- Prompt
Leave out the images and return all the data word for word.

- Data block
=====
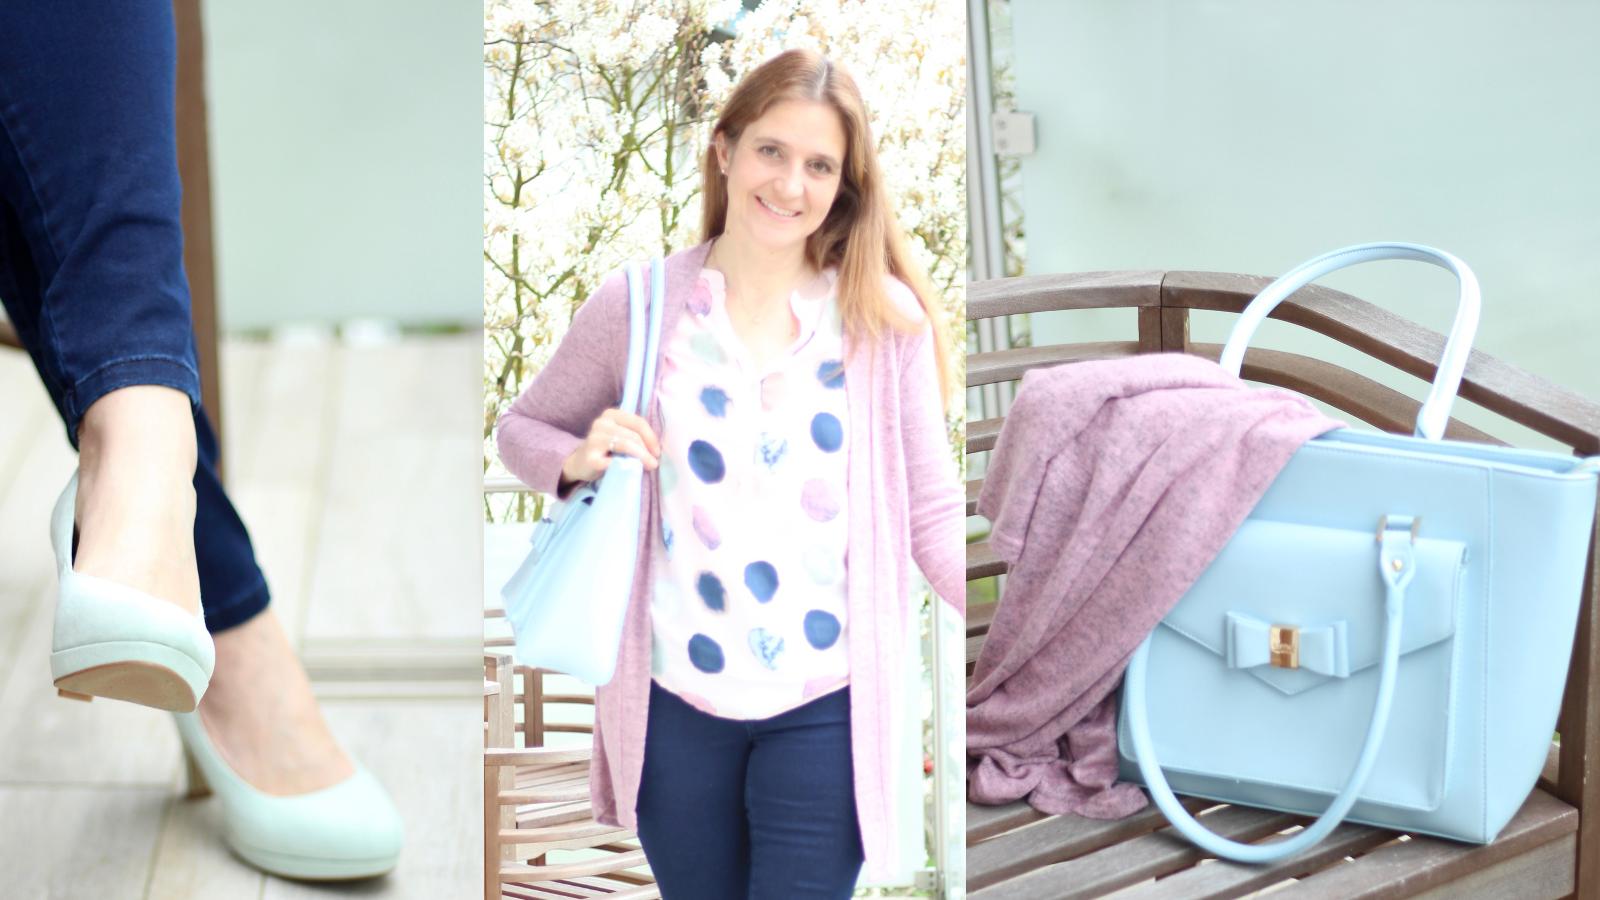 Fashion Friday: Super lässiges Outfit für die Stadt in hellblau, dunkelblau und rosa
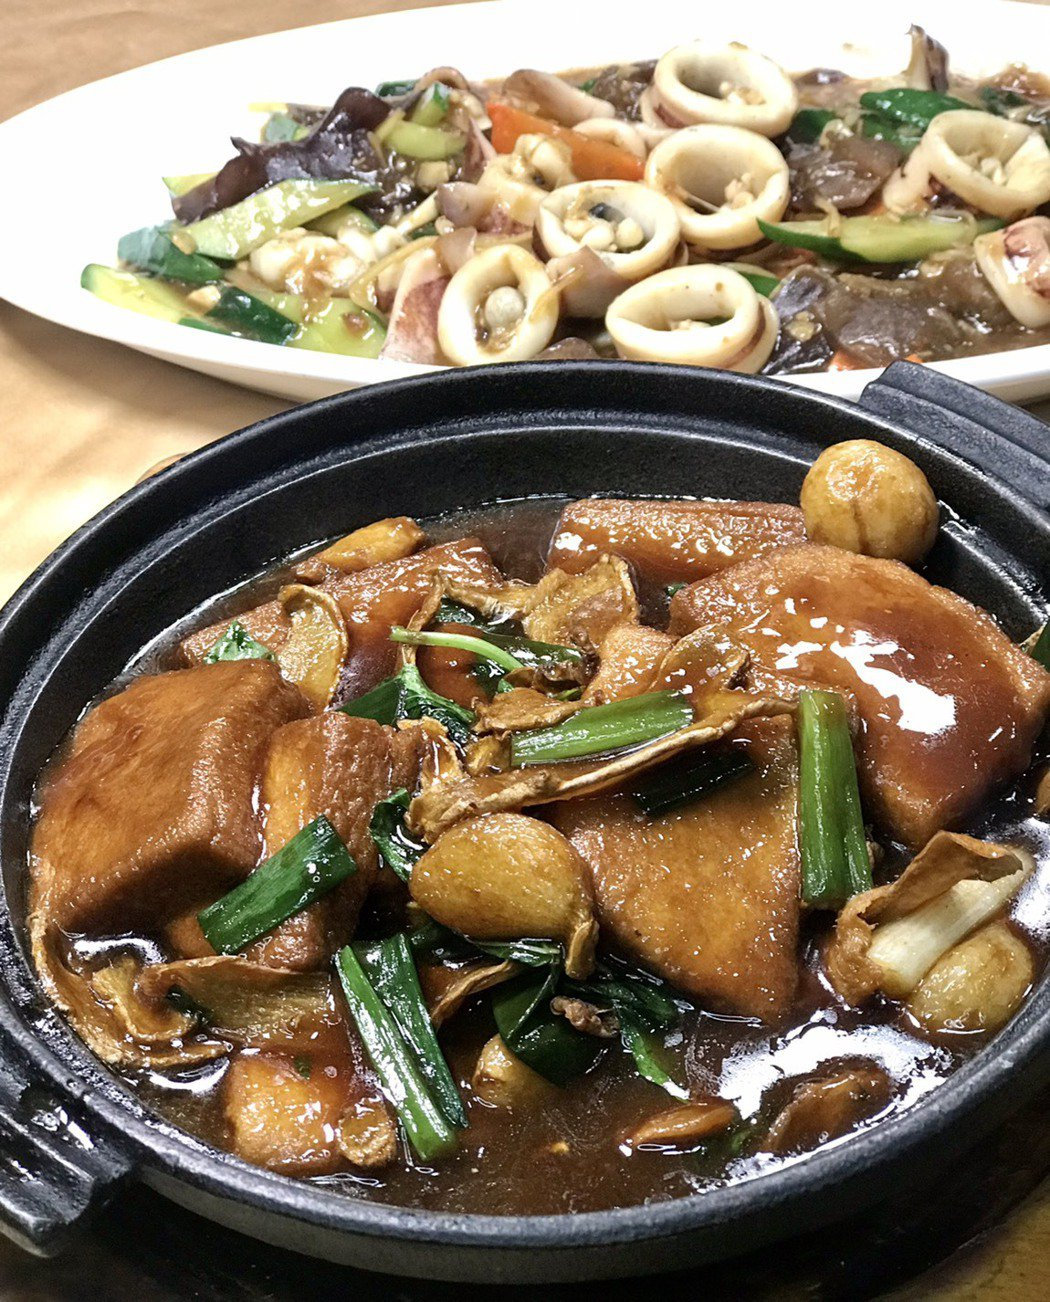 大祥海鮮餐廳將整桌的大菜打六折,推出外帶餐。記者趙容萱/翻攝
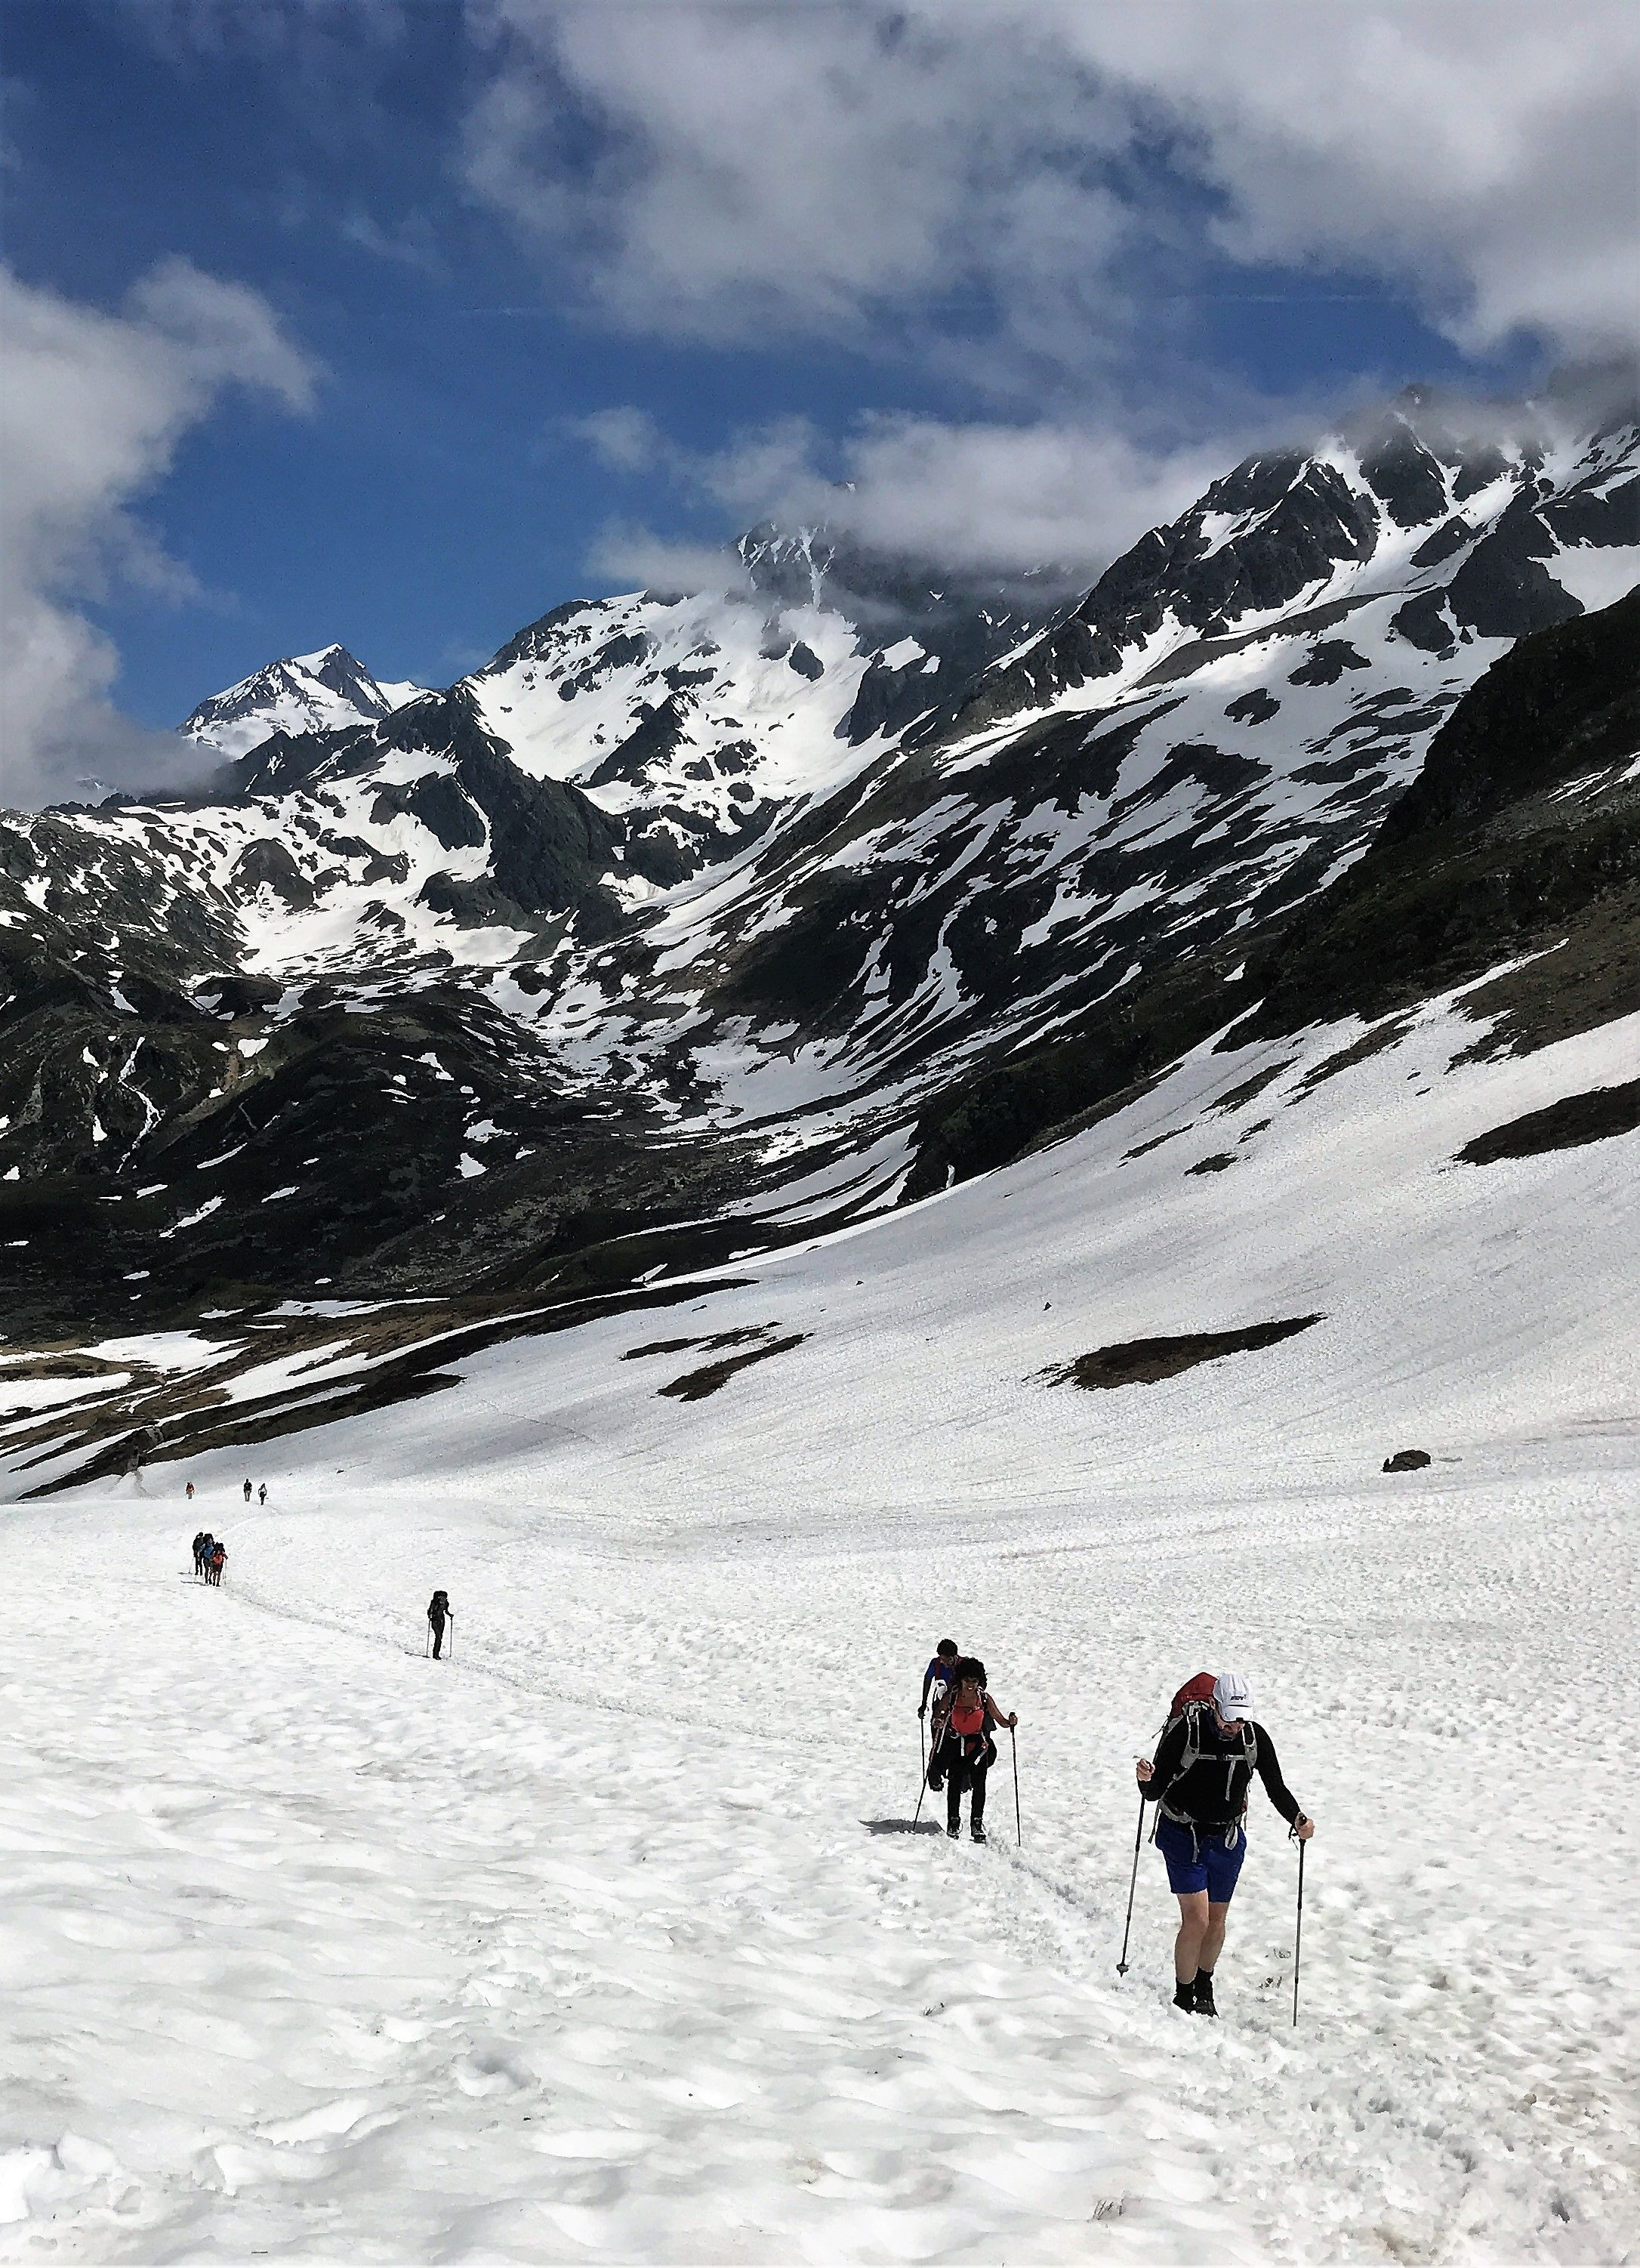 Hut To Hut Hiking Along The Tour Du Mont Blanc
=====
- Answer to the problem
 Fashion Friday: Super lässiges Outfit für die Stadt in hellblau, dunkelblau und rosa
 大祥海鮮餐廳將整桌的大菜打六折,推出外帶餐。記者趙容萱/翻攝
 Hut To Hut Hiking Along The Tour Du Mont Blanc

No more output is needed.